И здесь мы переходим к самому важному. Причины Булавинского восстания в «Историческом описании Земли Войска Донского» описаны подробно, но при этом амбивалентность тут достигает пика. С одной стороны, в тексте восставшие явно и очевидно осуждаются. Присутствует, в частности, знакомый нам сюжет о том, что настоящие казаки не поддержали бунта: «В это время, так сказать, коренных казаков лучшего и отборного воинства не было на Дону с самого открытия войны с Швецией. <…> Отсутствие этих верных государю воинов всего более благоприятствовало Булавину» (Там же: 553-554).

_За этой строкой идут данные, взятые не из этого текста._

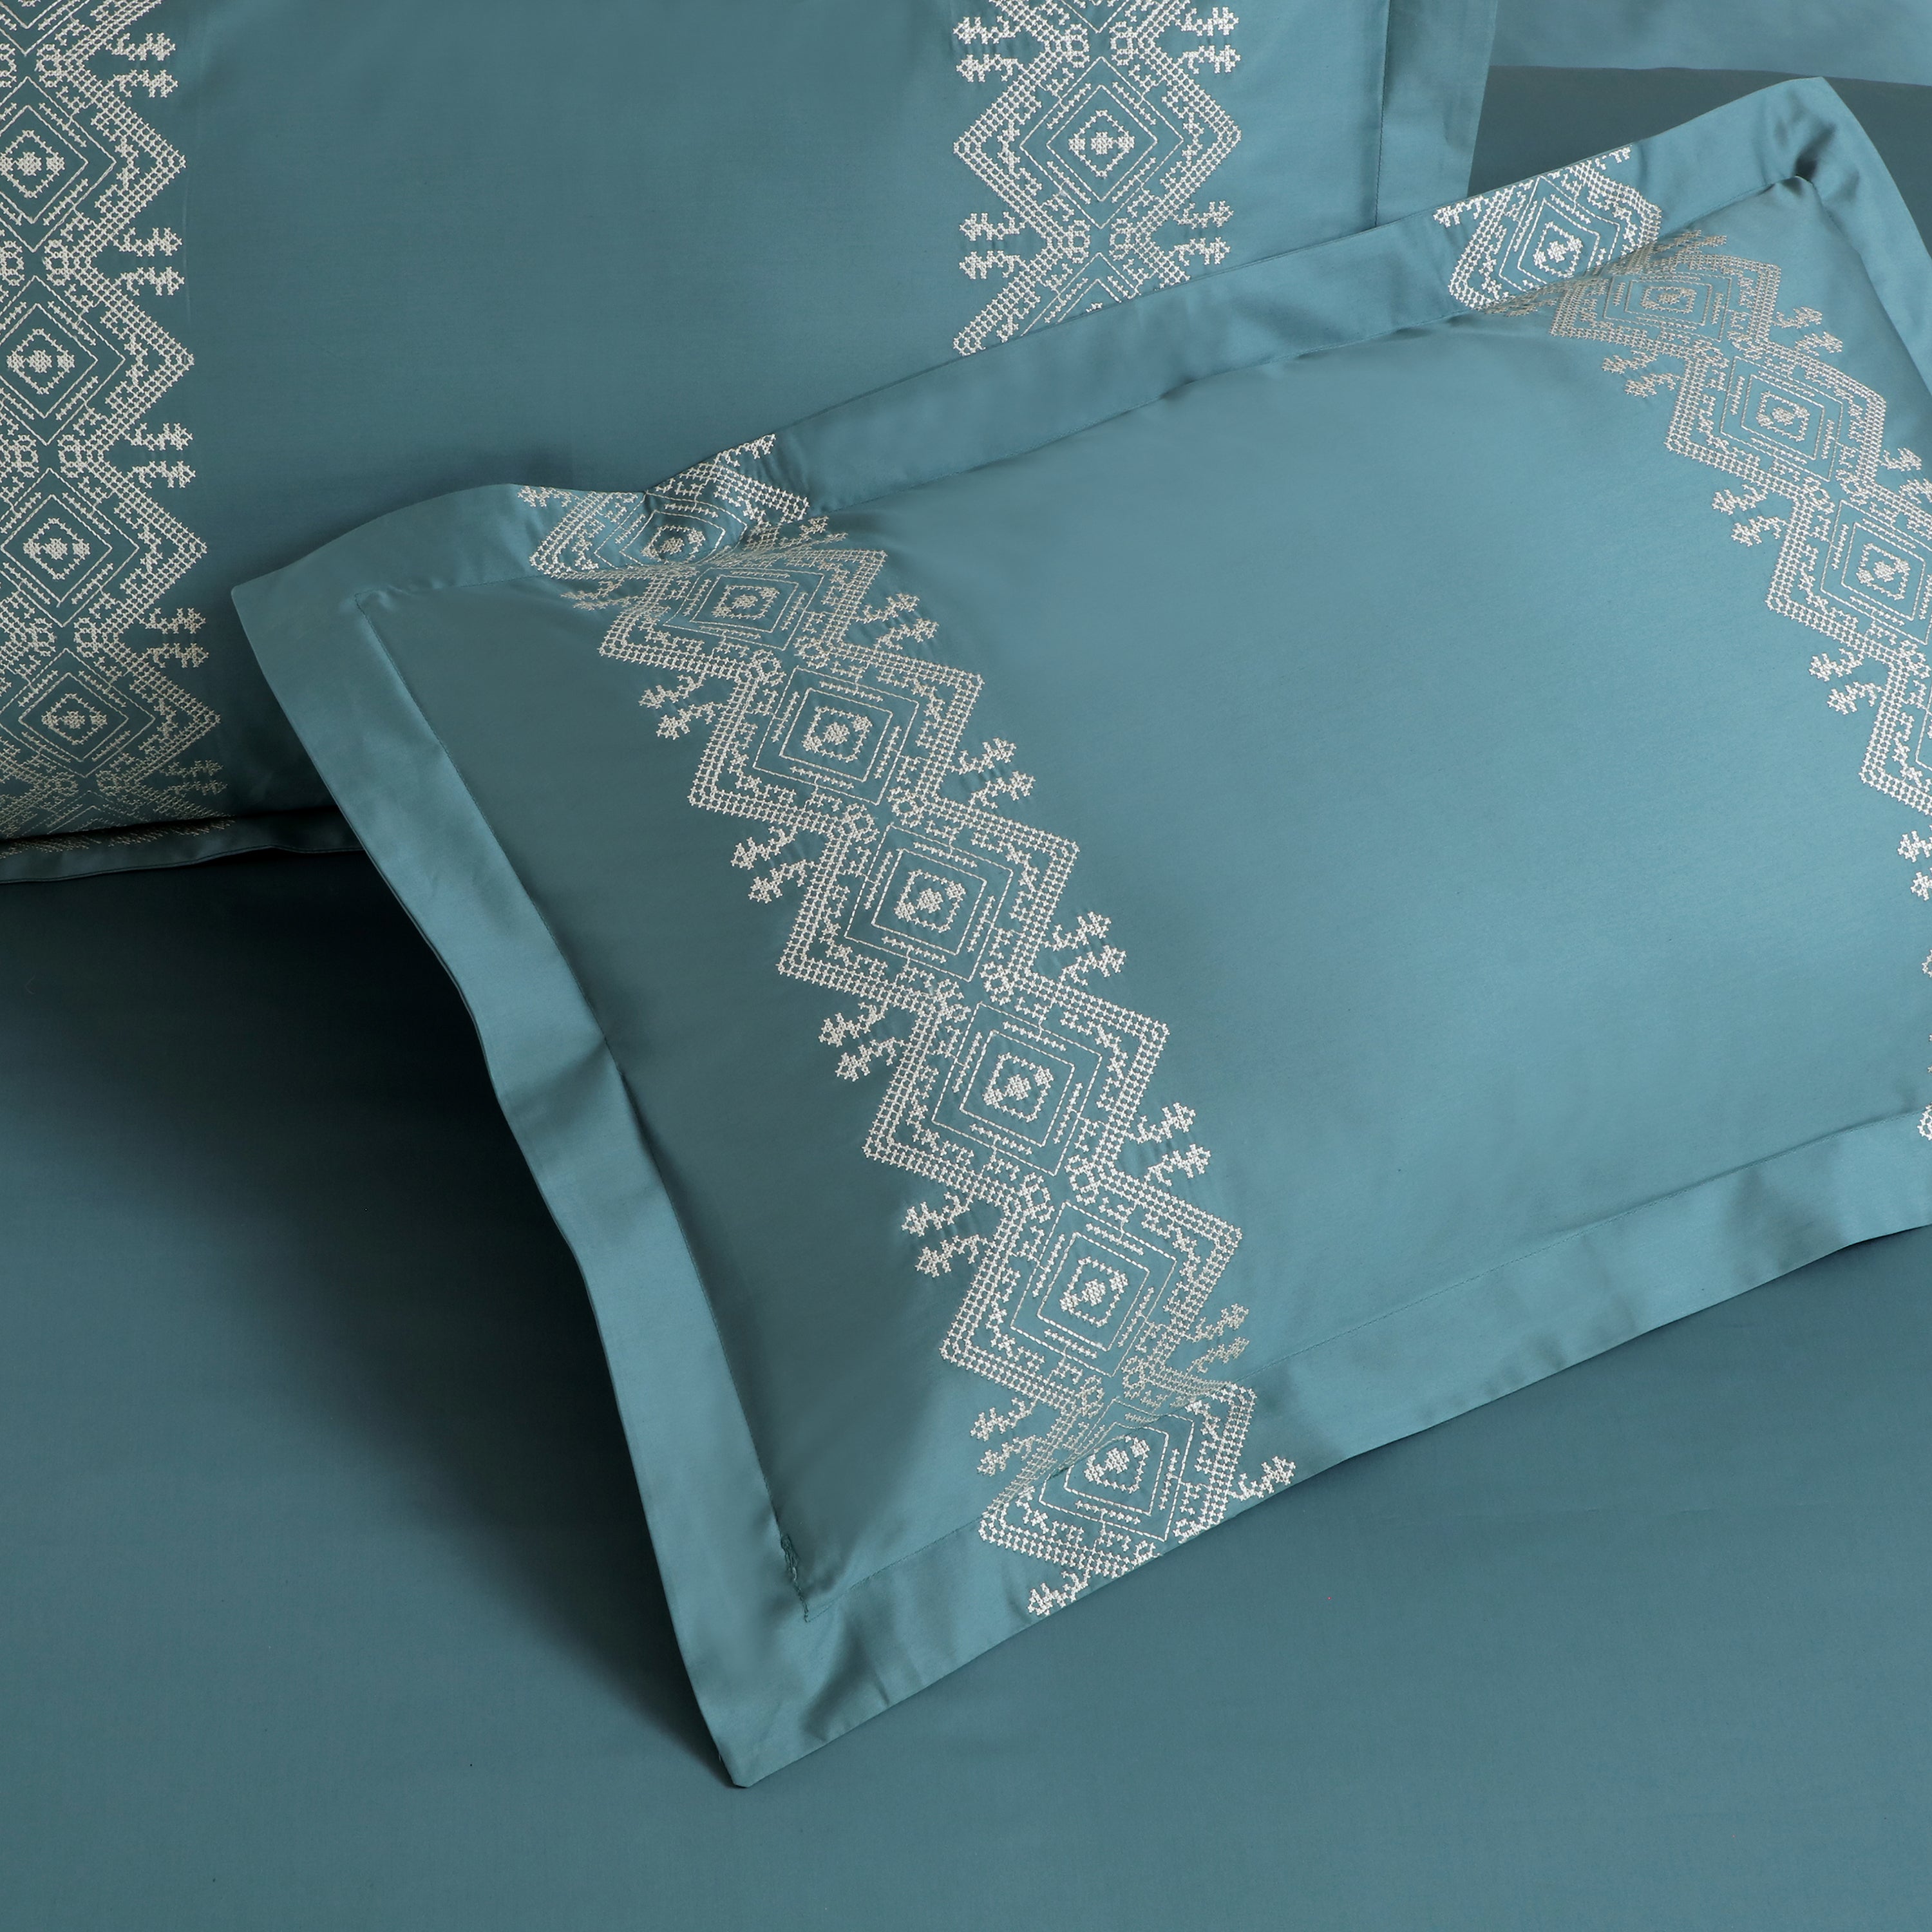 Malako Luxe Collection: 550 TC Teal Green Premium Embroidered Bedding
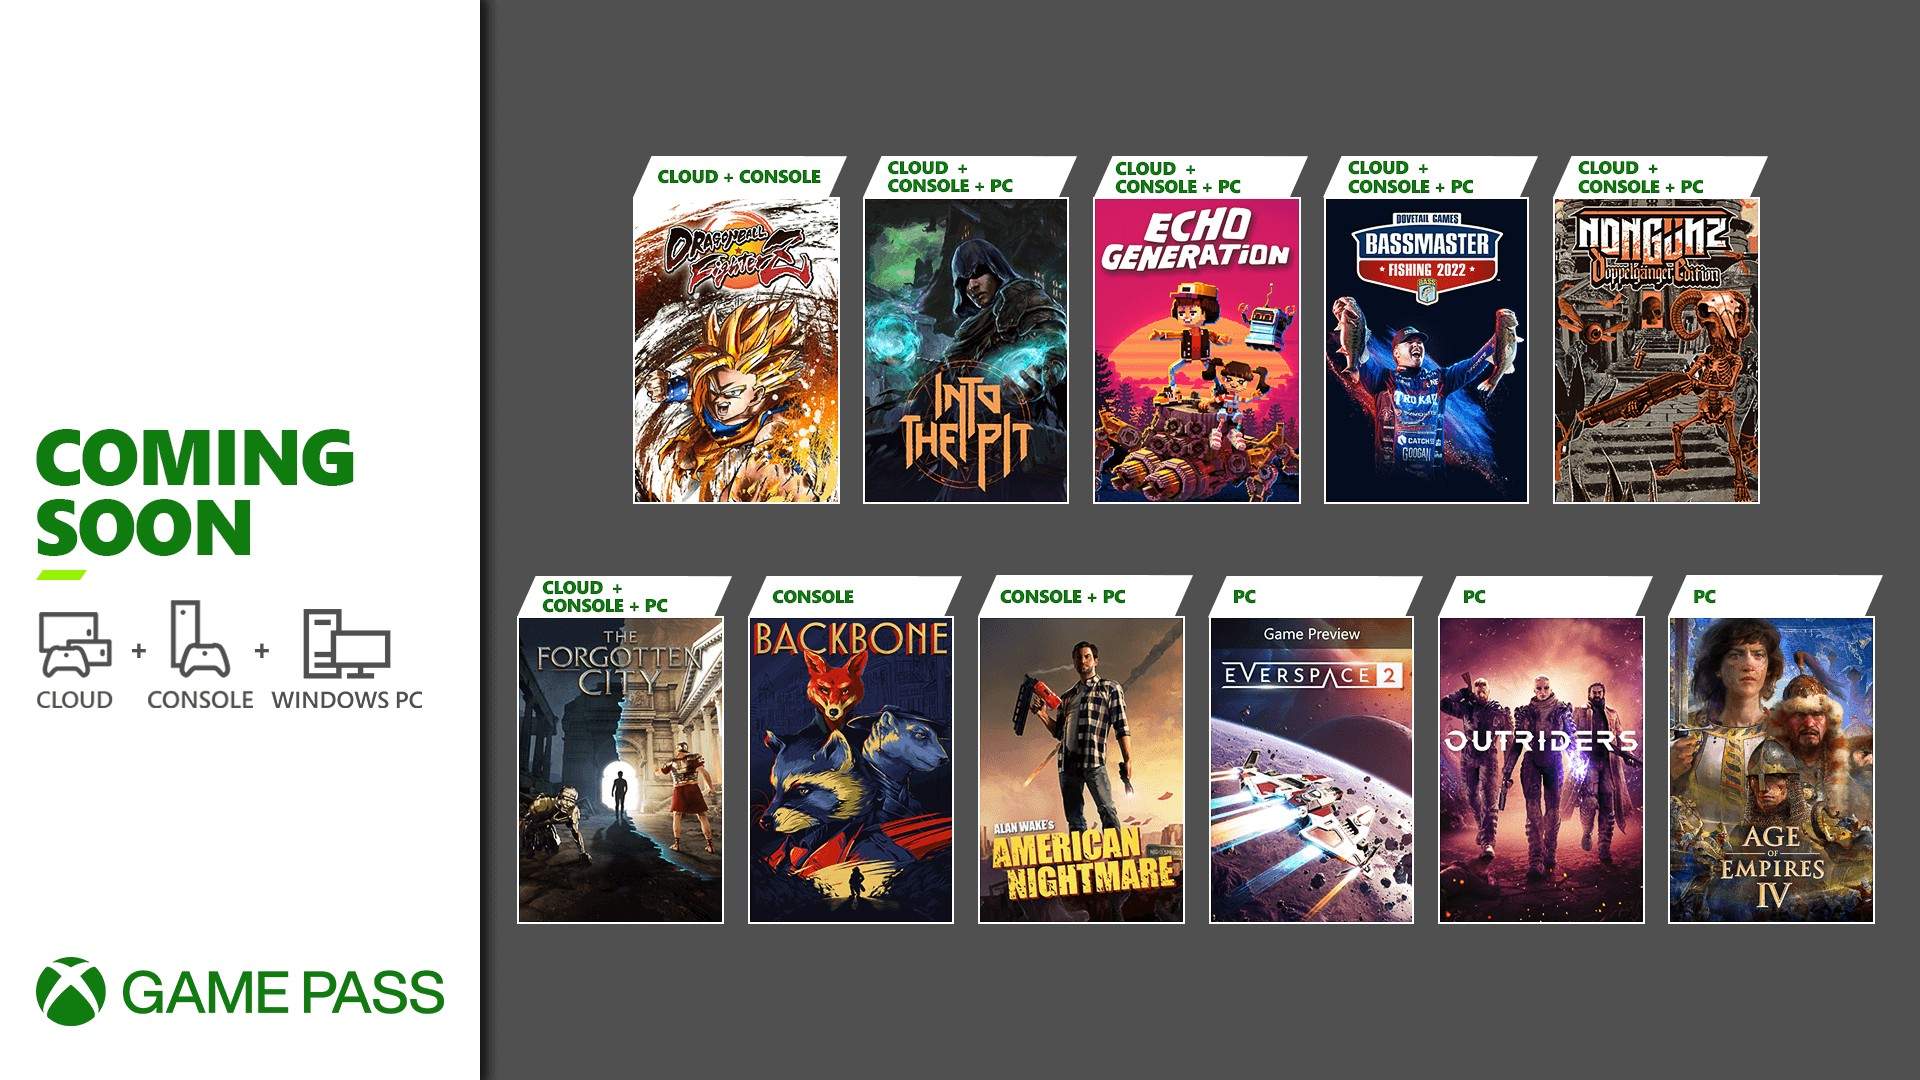 New titles arriving on Xbox Game Pass in the second half of October have been revealed - we already know the following titles coming to Xbox Game Pass in the second half of October for Xbox, PC, and Cloud.

Правительственные меры, возмутившие казаков, в целом подаются с положительной лексической коннотацией, как «обуздание своевольства на Дону» (Там же: 553). В результате текст «Исторического описания» можно прочесть в рамках мифа о Империи, следующим образом реконструировав авторскую позицию: Империя пытается обуздать беззаконие в крае, настоящие казаки уходят защищать эту Империю на войне, и в этот момент изменники поднимают восстание в тылу. Проблема, однако, в том, что причины восстания описаны крайне подробно, и при внимательном чтении этого описания становится ясно, что «обуздание своевольства на Дону» сопровождалось целым рядом случаев жестокого произвола имперских властей. Так, имели место «насильственные поступки чиновников, присланных из Адмиралтейского приказа на Дон почти в то же время для описи корабельного леса, которые самопроизвольно высылали казаков из городков в Россию без всякого различия, причиняя им обиды» (Там же: 548). Так был полностью уничтожен Бугучарский казачий городок – а уничтоживший его чиновник даже не поставил в известность Донское Войско (Там же: 549). Соответственно, текст «Исторического описания» может быть прочитан и в рамках мифа о свободе, и тогда позиция его автора реконструируется так: Империя творила беззаконие, жестоко угнетала казаков, и тогда смелый К.А. Булавин с оружием в руках встал на защиту народных прав. А теперь вспомним, что текст «Исторического описания» изначально рассматривался современниками как конструкт, какие-то части которого были вставлены в нарратив постфактум в рамках проимперского цензурирования. Мы получаем идеально амбивалентную версию Булавинского восстания, равно позволяющую представить К.А. Булавина и как героя, и как предателя, и в промежутке между этими крайними оценками.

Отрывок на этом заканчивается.